> [Work task] An exact copy is all that is wanted: the lines from the one with "Floyd Mayweather Jr., and" through the end of the listing below, both included, minus any pictures.

------ Data excerpt ------

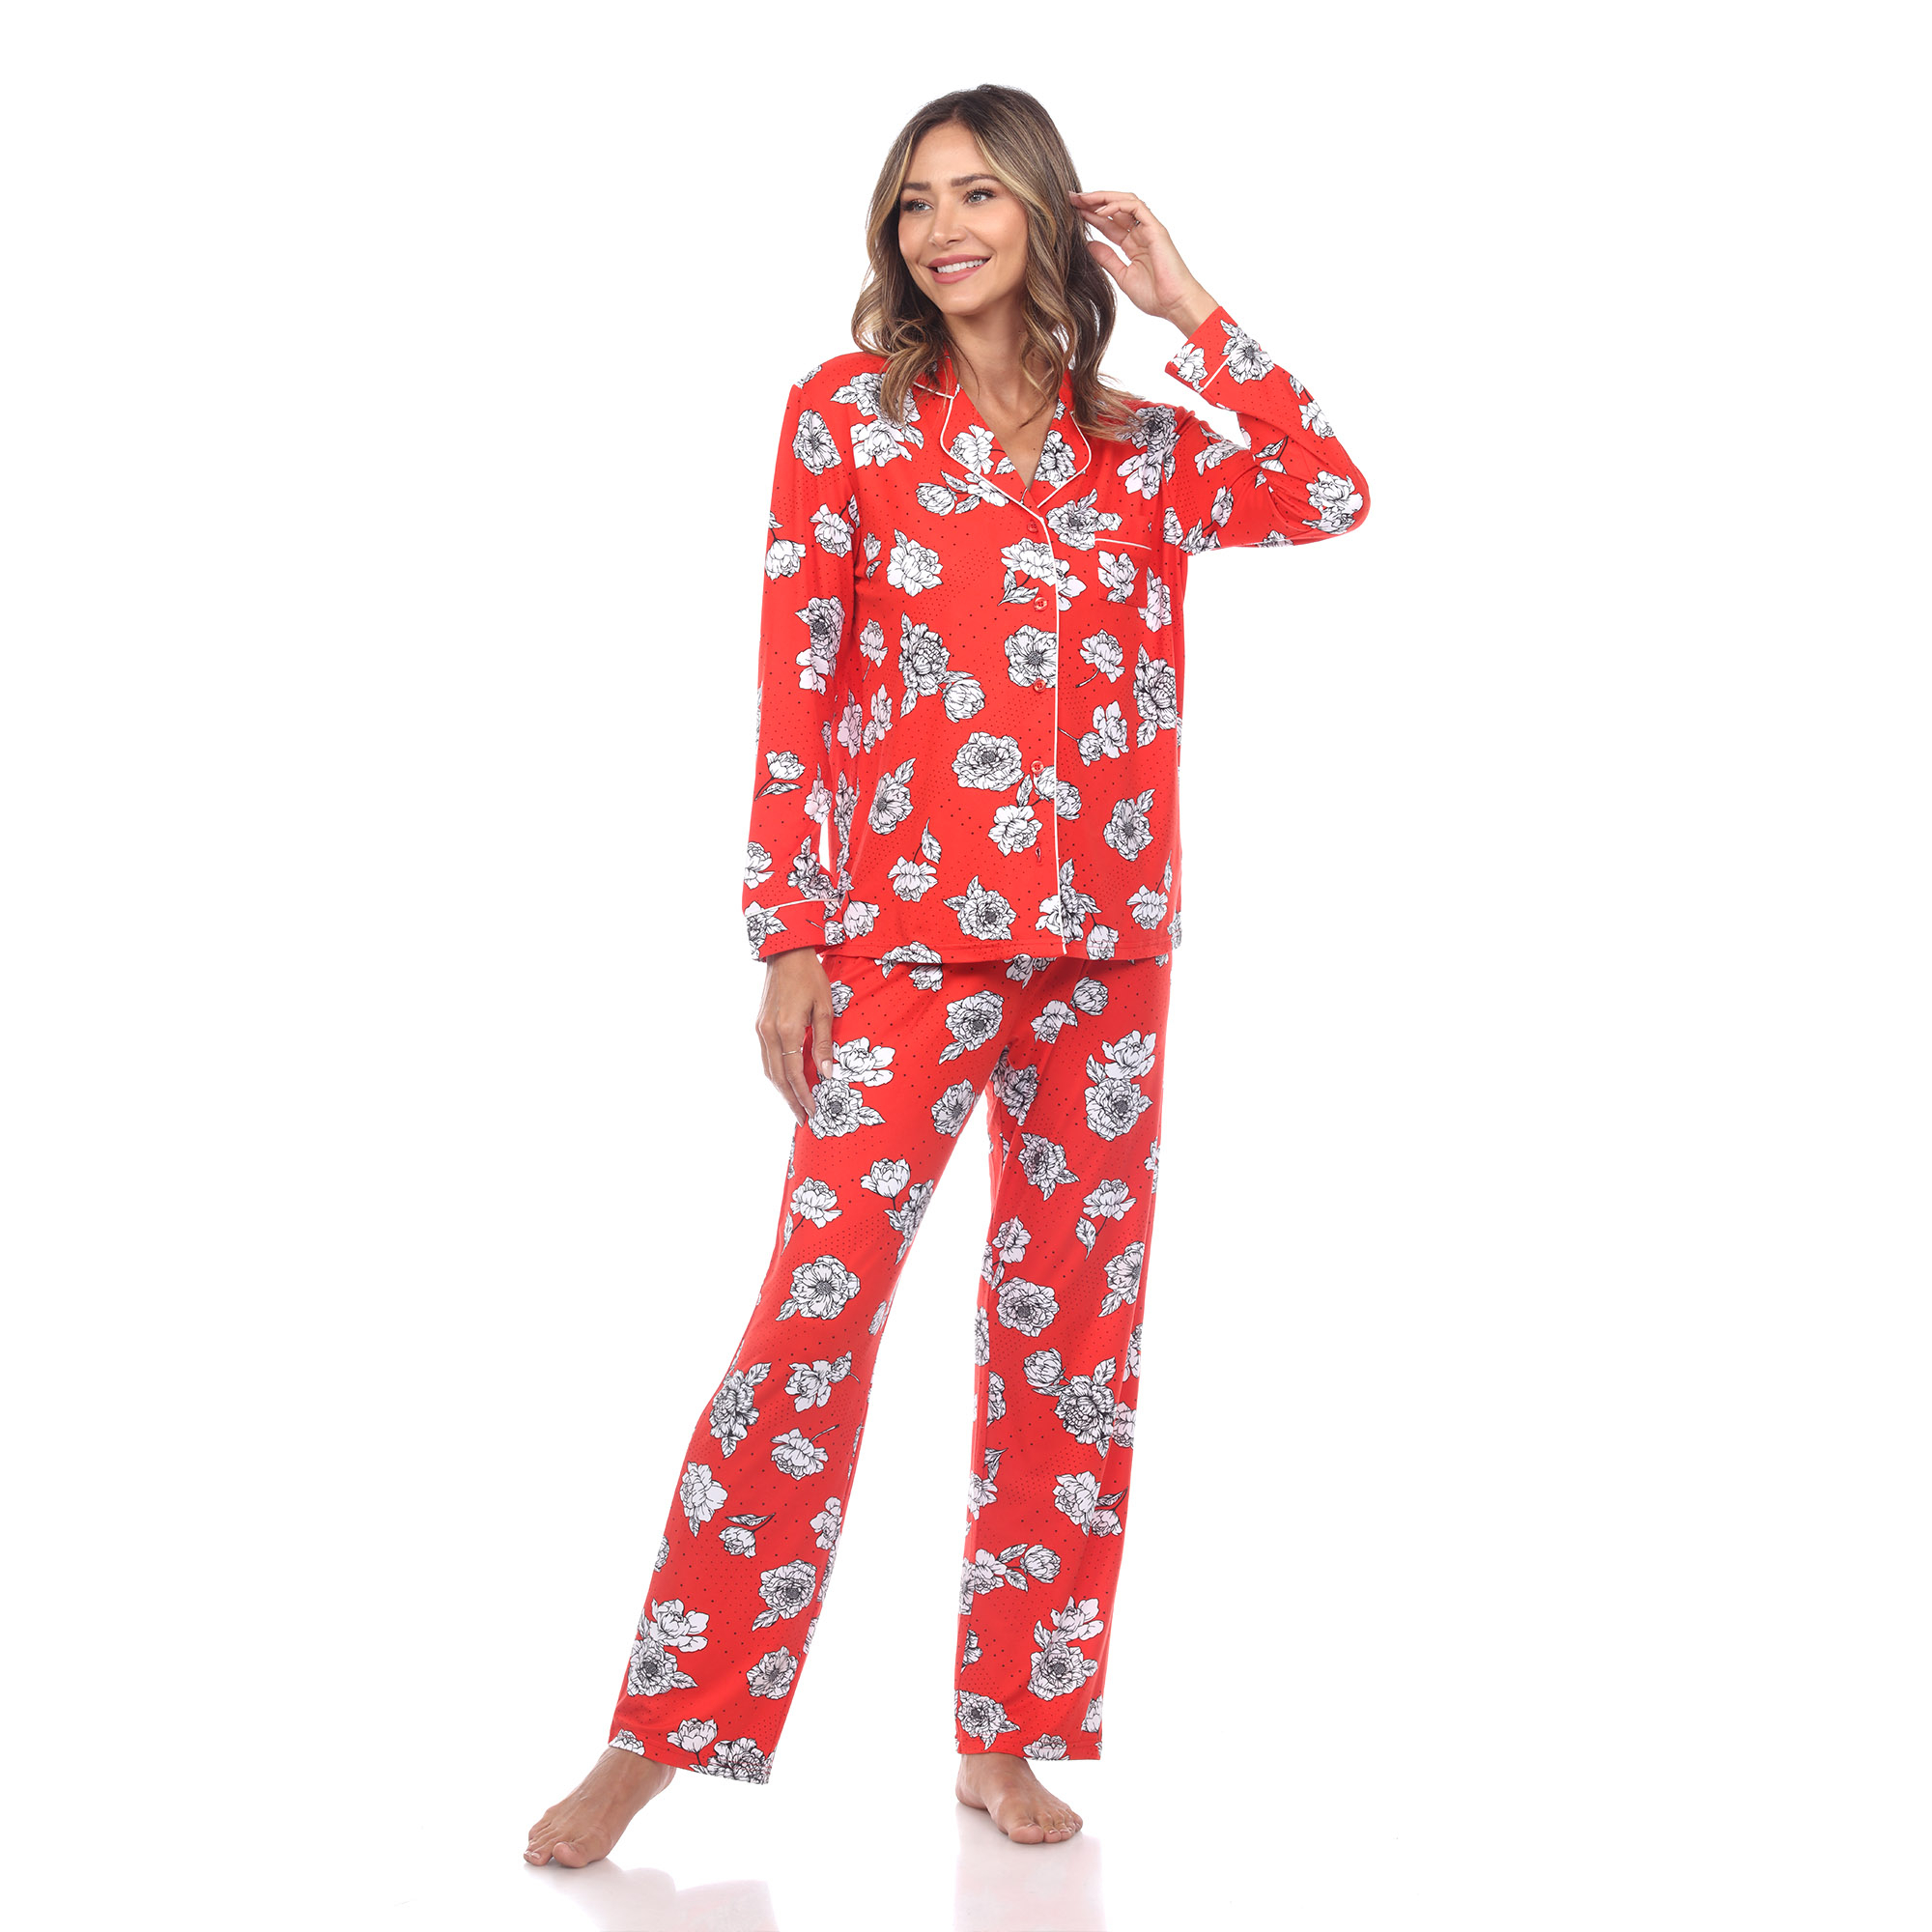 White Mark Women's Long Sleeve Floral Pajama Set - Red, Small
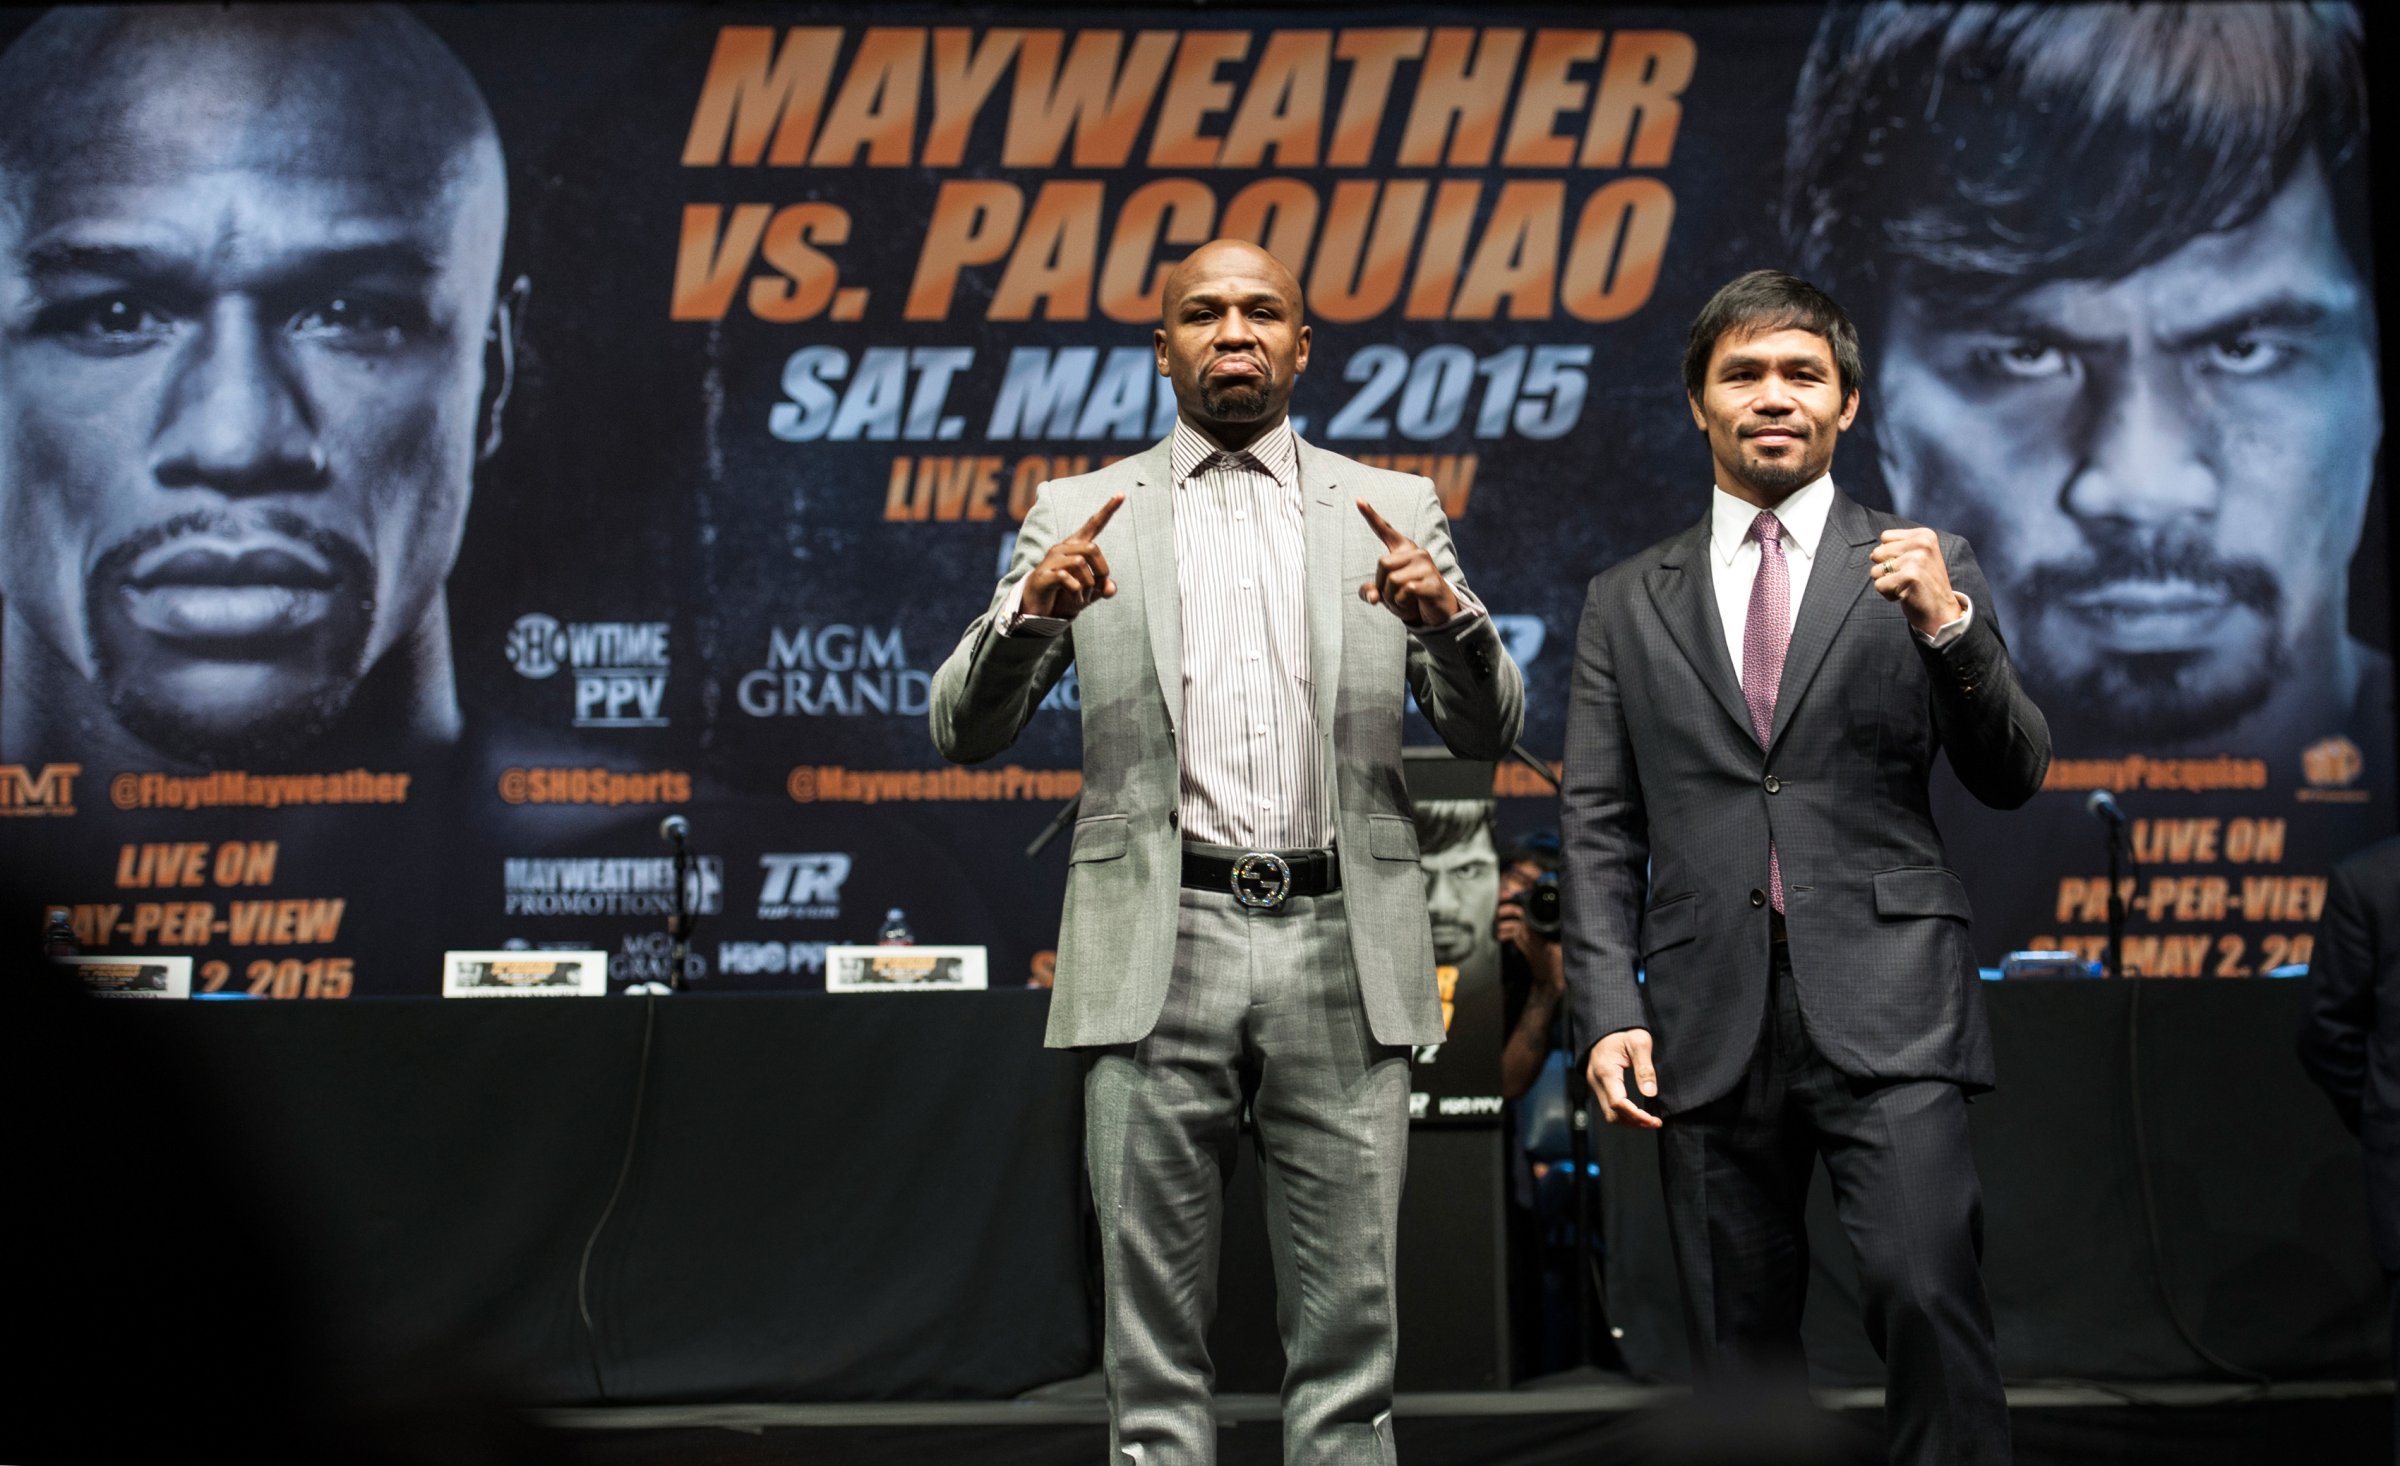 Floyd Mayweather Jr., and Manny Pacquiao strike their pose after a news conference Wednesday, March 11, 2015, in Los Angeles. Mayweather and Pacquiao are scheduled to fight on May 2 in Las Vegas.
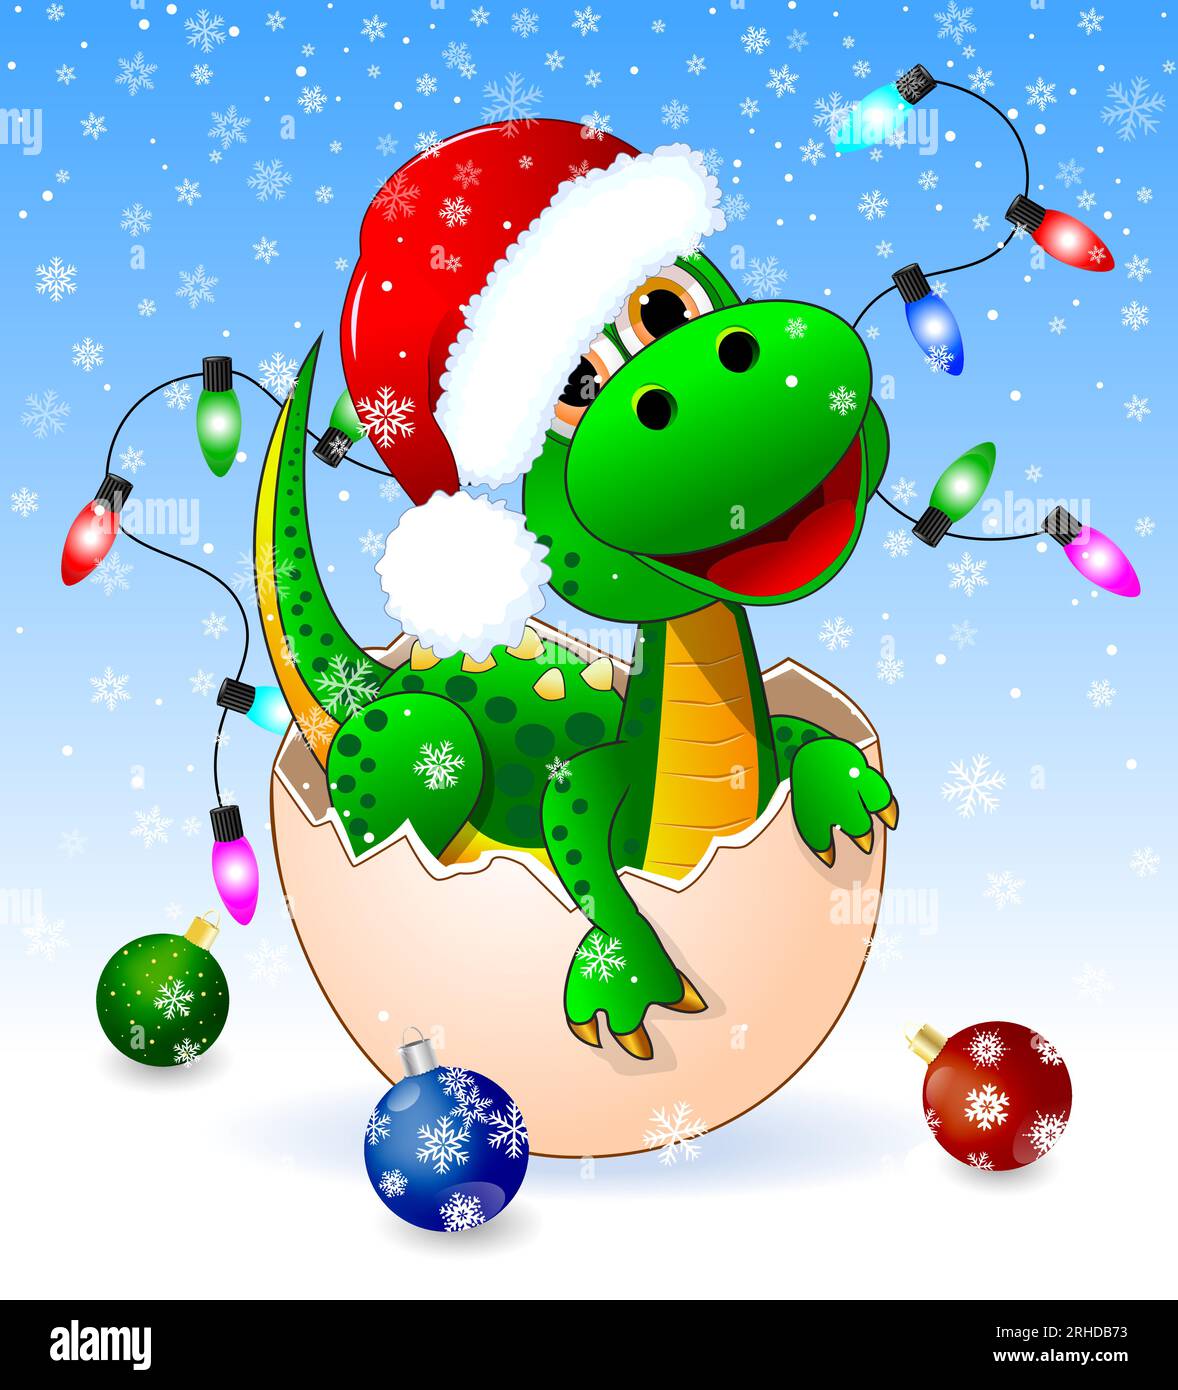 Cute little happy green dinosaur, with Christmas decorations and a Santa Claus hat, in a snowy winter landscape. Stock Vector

------

> [Result of the exercise]
 Floyd Mayweather Jr., and Manny Pacquiao strike their pose after a news conference Wednesday, March 11, 2015, in Los Angeles. Mayweather and Pacquiao are scheduled to fight on May 2 in Las Vegas.
 Cute little happy green dinosaur, with Christmas decorations and a Santa Claus hat, in a snowy winter landscape. Stock Vector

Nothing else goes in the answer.